Case: 18-1229 Document: 107 Page: 1 Filed: 10/03/2019 United States Court of Appeals for the Federal Circuit ______________________ MID CONTINENT STEEL & WIRE, INC., Plaintiff-Appellant v. UNITED STATES, Defendant-Appellee PT ENTERPRISE INC., PRO-TEAM COIL NAIL ENTERPRISE INC., UNICATCH INDUSTRIAL CO., LTD., WTA INTERNTIONAL CO., LTD., ZON MON CO., LTD., HOR LIANG INDUSTRIAL CORPORATION, PRESIDENT INDUSTRIAL INC., LIANG CHYUAN INDUSTRIAL CO., LTD., Defendants-Cross-Appellants ______________________ 2018-1229, 2018-1251 ______________________ Appeals from the United States Court of International Trade in Nos. 1:15-cv-00213-CRK, 1:15-cv-00220-CRK, Judge Claire R. Kelly. ______________________ Decided: October 3, 2019 ______________________ ADAM H. GORDON, The Bristol Group PLLC, Washing- ton, DC, argued for plaintiff-appellant. Also represented by PING GONG. Case: 18-1229 Document: 107 Page: 2 Filed: 10/03/2019 2 MID CONTINENT STEEL & WIRE v. UNITED STATES MIKKI COTTET, Appellate Staff, Civil Division, United States Department of Justice, Washington, DC, argued for defendant-appellee. Also represented by JEANNE DAVIDSON, JOSEPH H. HUNT, PATRICIA M. MCCARTHY. ANDREW THOMAS SCHUTZ, Grunfeld, Desiderio, Le- bowitz, Silverman & Klestadt LLP, Washington, DC, ar- gued for defendants-cross-appellants. Also argued by NED H. MARSHAK, New York, NY. Also represented by MAX FRED SCHUTZMAN, New York, NY; KAVITA MOHAN, Wash- ington, DC. ______________________ Before NEWMAN, O’MALLEY, and TARANTO, Circuit Judges. TARANTO, Circuit Judge. The United States Department of Commerce found that certain foreign producers and exporters were dumping certain products into the United States market, and it im- posed a small antidumping duty on their imports. A do- mestic company argues that Commerce should have imposed a higher duty.

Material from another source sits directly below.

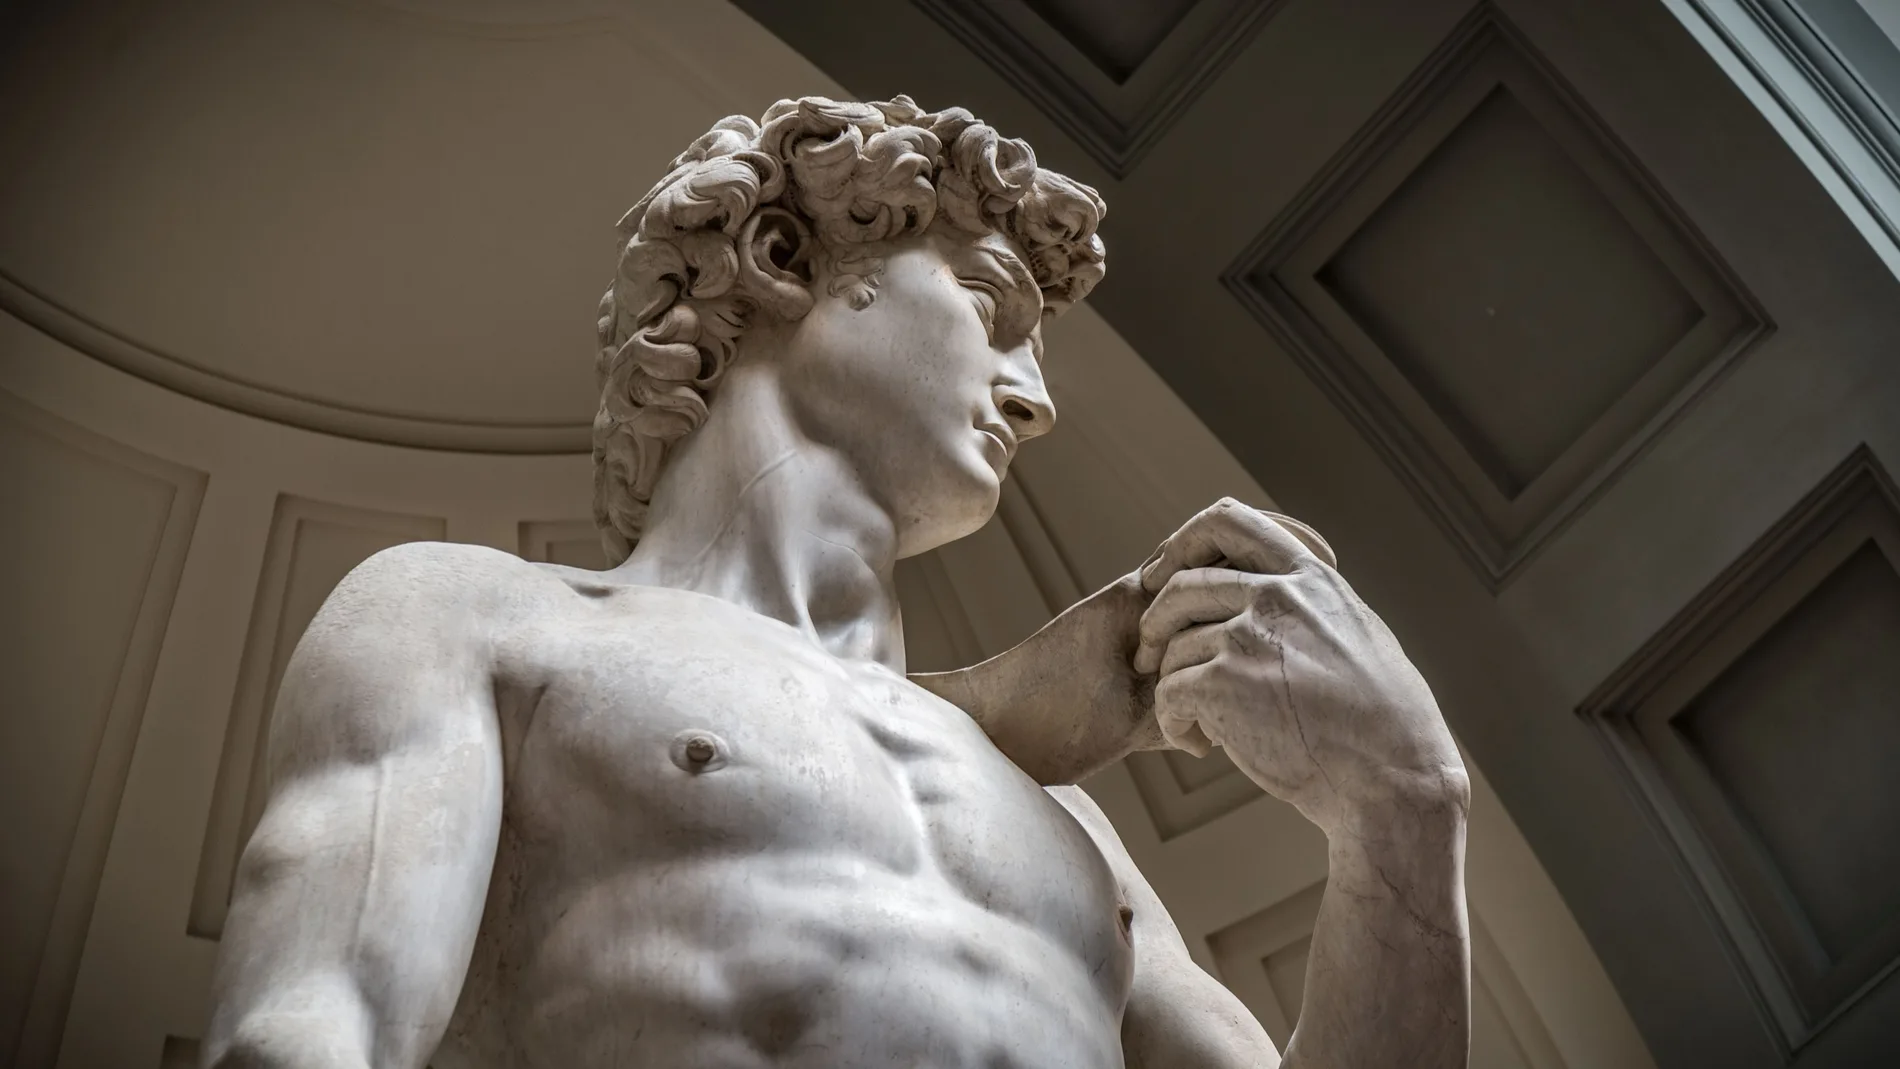 Detalle del «David» de Miguel Ángel, donde puede apreciarse la vena yugular que el artista talló en su escultura

(MANOVA) Compares Groups on a Set of Dependent Variables Simultaneously

Newsom Psy 522/622 Multiple Regression and Multivariate Quantitative Methods, Winter 2021 1 Multivariate Analysis of Variance Multivariate analysis of variance (MANOVA) compares groups on a set of dependent variables simultaneously. Rather than test group differences using several separate ANOVAs and run the risk of increased familywise error (probability of one or more Type I errors), the MANOVA approach makes a single comparison.1 The MANOVA is appropriate only when the several dependent variables are related to one another and the pattern of group differences expected for all of the dependent variables is in the same direction. The multiple measures can be several scale scores, individual items, or other related measures. An example might be a researcher's interest in which several psychotherapy approaches differ in their ability to reduce psychological distress, where several measures of psychological distress, including depression, anxiety, and perceived stress are analyzed together. Alternatively, one might analyze several subscales of depression, such as positive affect, negative affect, and somatic symptoms. MANOVA provides a convenience of a different type of omnibus test of all of the measures at once. Hotelling's T2 The null hypothesis tested with MANOVA is that all of the dependent variable means are equal. Because the algebraic equations become increasingly complex with multiple dependent variables, multivariate analysis are usually described in terms of matrices that summarize the multiple dependent measures. So, the null hypothesis is also a test of whether the vectors (columns) of means are equal across groups. A significant result indicates that one or more of the dependent variable means differ among groups.